The Web3 Stack: Web3 Primitives

As the Web3 space continues to grow, contextualising the various technologies has become an increasingly demanding task. In this series of articles, we will start with a high level overview of the various concepts and eventually arrive at the use cases which various Web3 protocols are trying to solve.

This article focuses on the various Web3 building blocks that can be mixed-and-matched to create novel Web3 specific use cases. Given the composability of Web3 primitives, the categorical distinctions are more of a guide helping to frame the various technological use cases. The articles are divided into 3 levels of increasing detail:

L1 — Overview

An overview of the different layers and how they enable Web3 functionality through building on top of each other:

• A Macro View

L2 — Concepts

The key concepts within each layer that informs business and technical decisions. This highlights the different categories of Web3 technologies:

• A Conceptual Framework

L3 — Implementations

Understanding the difference between various protocol/standard implementations and how they relate to each other. The focus will be on Web3 lego blocks and its affects on value flows:

• Transaction Settlement
• Assets
• Web3 Primitives
• Optimisers (WIP)

Metaverse

Virtual worlds where users have the freedom to form personal networks and take ownership of digital assets. Metaverse resources are owned by the user and increasingly interoperable standards enable such resources to be portable across Web3 dapps. As more real world assets are tokenised, open access to Web3 value rails discourages any arbitrary distinction between reality and virtual economies.

• Avatars: A digital identity twin that represents a user in a particular metaverse and is capable of being manipulated by said user. This usually takes the form of a digital avatar model which can be customised by the user. As the ecosystem matures, avatars can be increasingly transported across multiple multiverses.
• Virtual: Metaverse native assets which avatars are able to interact with. Ownership of such virtual assets are fully secured on-chain which enables novel virtual economic relationships to form based on the social value of each item. Examples of such items can range from a virtual fashion accessory for the avatar to more abstract things such as a Metaverse currency.
• Extended Reality: The merging of reality and digital worlds. Amongst the key concepts is the extension of real world objects and experiences into the metaverse. This increasingly immersive hybrid experience dissolves the virtual boundary between reality and the metaverse.

Gaming

Structured virtual environments with clearly defined goals and gamified play-to-earn economic incentives. The differentiating factor for Web3 games lies in the ownership and portability of in-game assets. Players are able to hold in-game assets in the form of tokens which can be used across multiple gaming platforms (or even DeFi Dapps) that utilises the same token standards. The opportunity for yield has resulted in the creation of guilds that are able to generate yield through optimising certain aspects of the play-to-earn gaming experience.

• GameFi: Abbreviation of Game-Finance whereby in-game assets, from in-game currency to fashion skins, are tokenised thereby enabling in-game assets to exist outside the specified gaming environment.
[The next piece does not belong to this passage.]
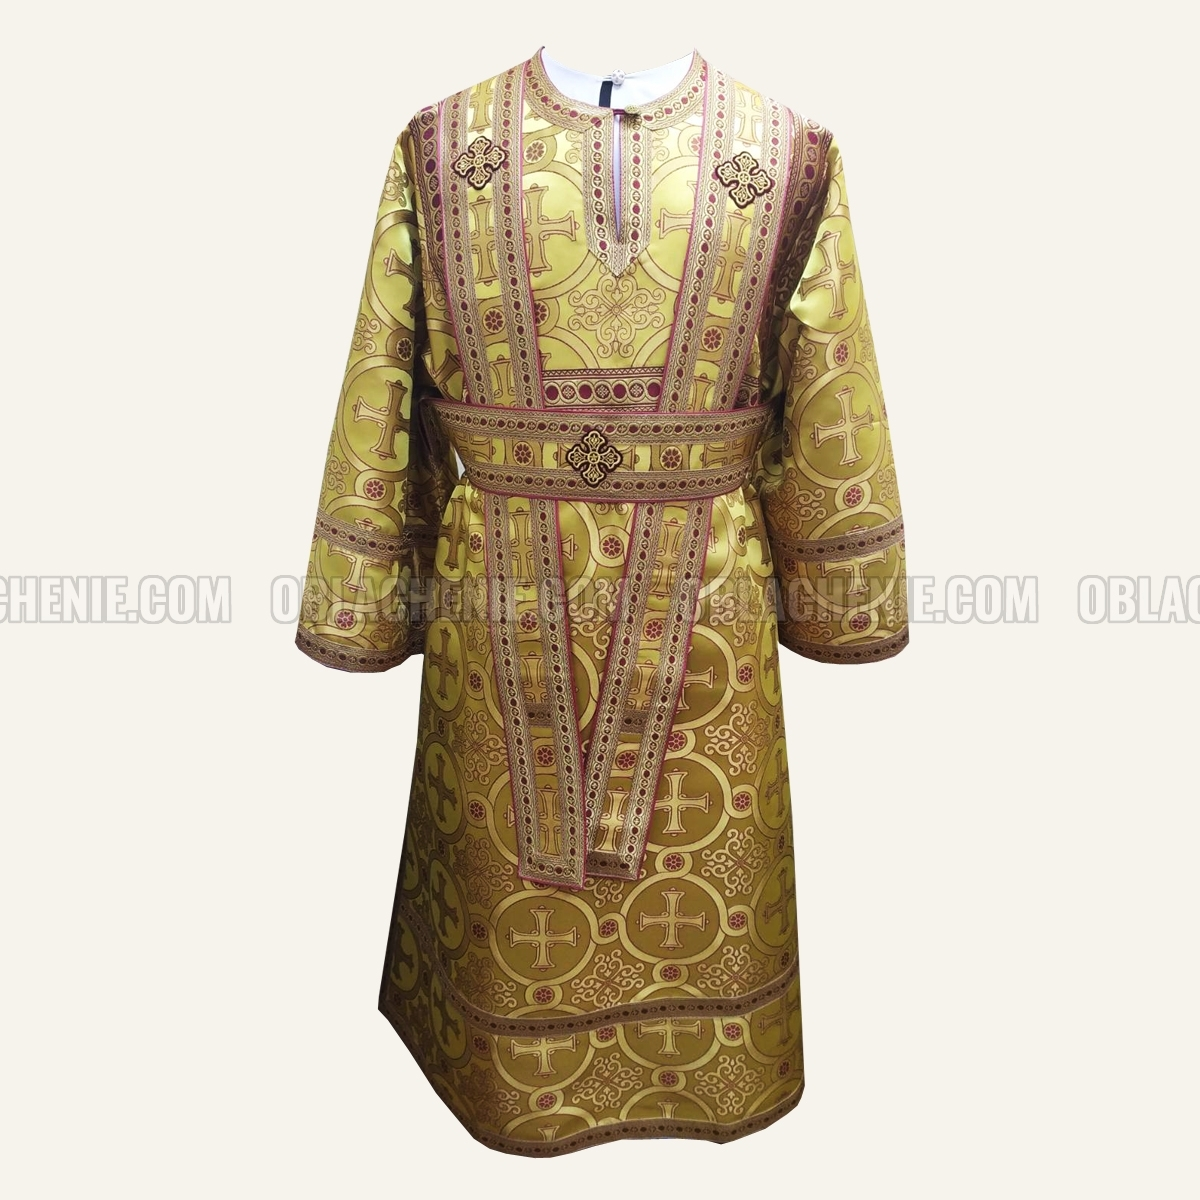 Subdeacon's vestments 11104

This transferability enables novel cross-game use cases to emerge as well as the tradability of in-game assets outside its original platform.
• Yield Guilds: Guilds lower the barriers to entry to GameFi by enabling in-game assets to be rented out while also providing additional support (training, connections, etc.) to players. As most games require upfront capital to be able to participate fully, guilds enable capitalists to finance the gaming experience in exchange for a fee.

Cultural

Cultural assets and experiences that grant symbolic opportunities and advantages that are beyond economic means. By digitally representing cultural markers as tokens, it enables more efficient social coordination based on ownership of such markers. Value generated by cultural primitives can span across economic, social, and cultural dimensions. Provable ownership of such assets enables participation in various value flows as defined by the specific social group.
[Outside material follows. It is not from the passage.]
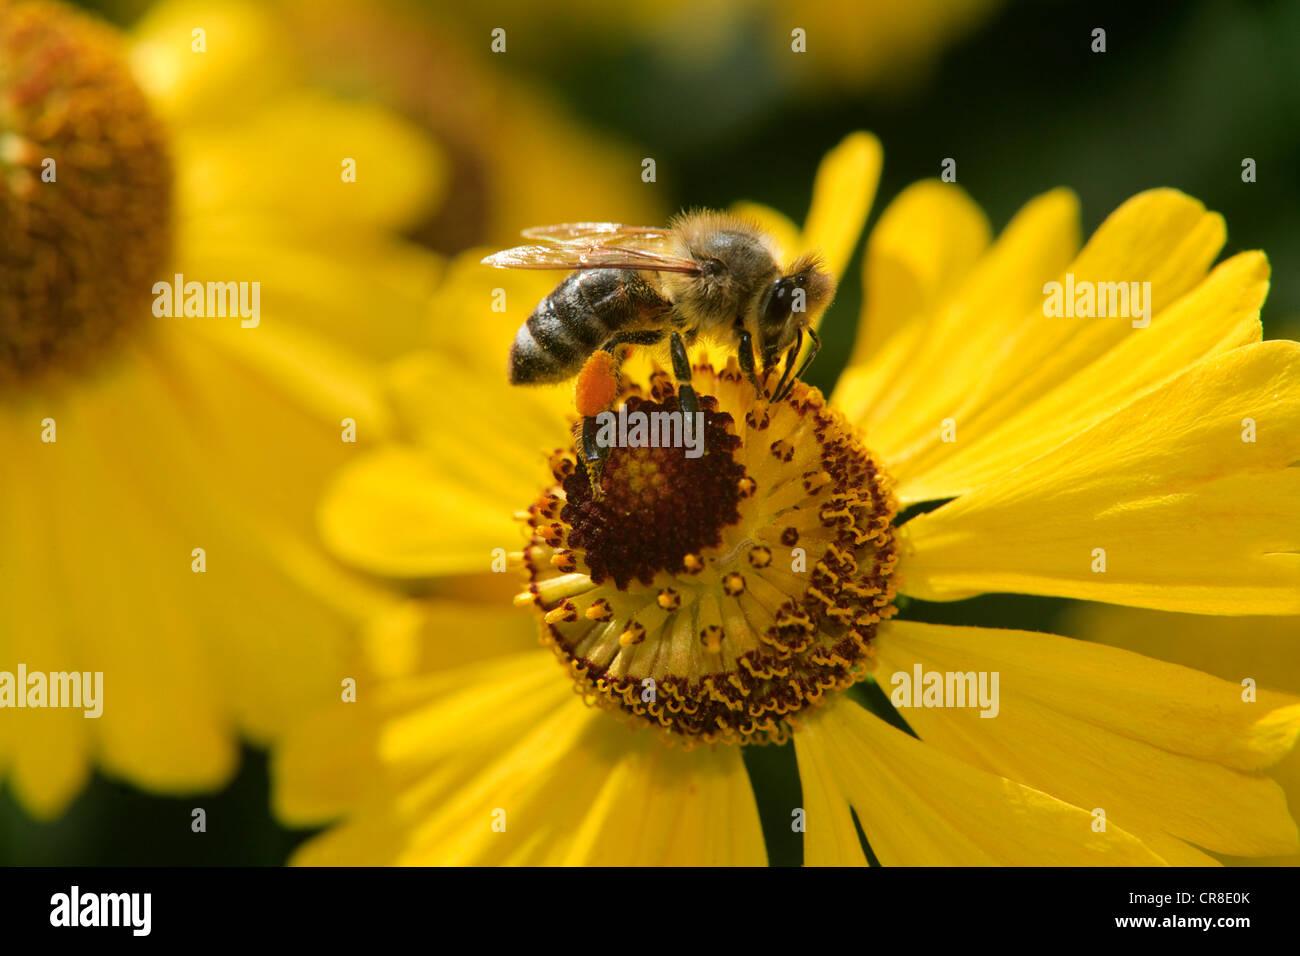 Honigbiene (Apis Mellifera), Imago, sammeln von Pollen, Deutschland, Europa Stockbild

• Assets: Tokenised on-chain assets which hold significant cultural value. Due to the transferrable nature of cultural assets, economic incentives usually play a significant role in determining the relative utility of a cultural asset across various social groups.
• Experiences: Commemorative NFTs which are usually minted to a user based on their participation in a particular event. Given their experiential nature, such NFTs are imbued with significant cultural and social value as it facilitates connections based on shared experiences.

Decentralised Social

Digital identity technologies which enable users to own their own digital identities, social content, and social graphs. By decoupling data ownership and social media service provision, users are given the power to determine how their personal data is handled and shared. Such technologies provide users with the ability, right, and power to craft digital personalities specific to their social context. Decentralised social opens up the a new form of decentralised coordination based on identity.

• Social Media: Protocols which specialise in the sharing of social media across social networks. By combining social media hosting with decentralised social graphs, social media protocols are able to specify its distribution according to user consent.
• Messaging: Communication focused protocols that built on top of decentralised identity to enable direct messaging between peers on the network.
• Creator: Protocols that focus on the publishing of user created content. While content is user-owned, such protocols provide significant value add by optimising the end-to-end user experience, from creation to distribution.
• Identity: Base identity infrastructure which enables decentralised proof of identity (i.e. you are who you say you are) and the verification of peer-to-peer claims (i.e. who said what about me). Such protocols are able to create and modify user-owned identity and social graphs.

DAOs

Decentralised Autonomous Organisations (DAOs) are collectively-owned, blockchain-governed organisations working towards a shared mission. Governance rules which define organisational processes are defined in smart contract code. DAOs usually implement a smart contract that acts as a treasury and also defines spending rules based on governance votes. Currently, the majority of DAOs implement a one-token-one-vote system. DAOs have become increasingly popular as a means for communities to propose and vote for proposals which will act as decentralised directives for the core team to build towards.

Decentralised Finance

Financial services made possible through smart contracts on a public blockchain. Critically, DeFi services are defined by open participation by anyone with a wallet as users always maintain ownership over their own funds (i.e. no custody). Coordination in the DeFi ecosystem is largely based on overcollateralisation so as to minimise any liquidation and market risks.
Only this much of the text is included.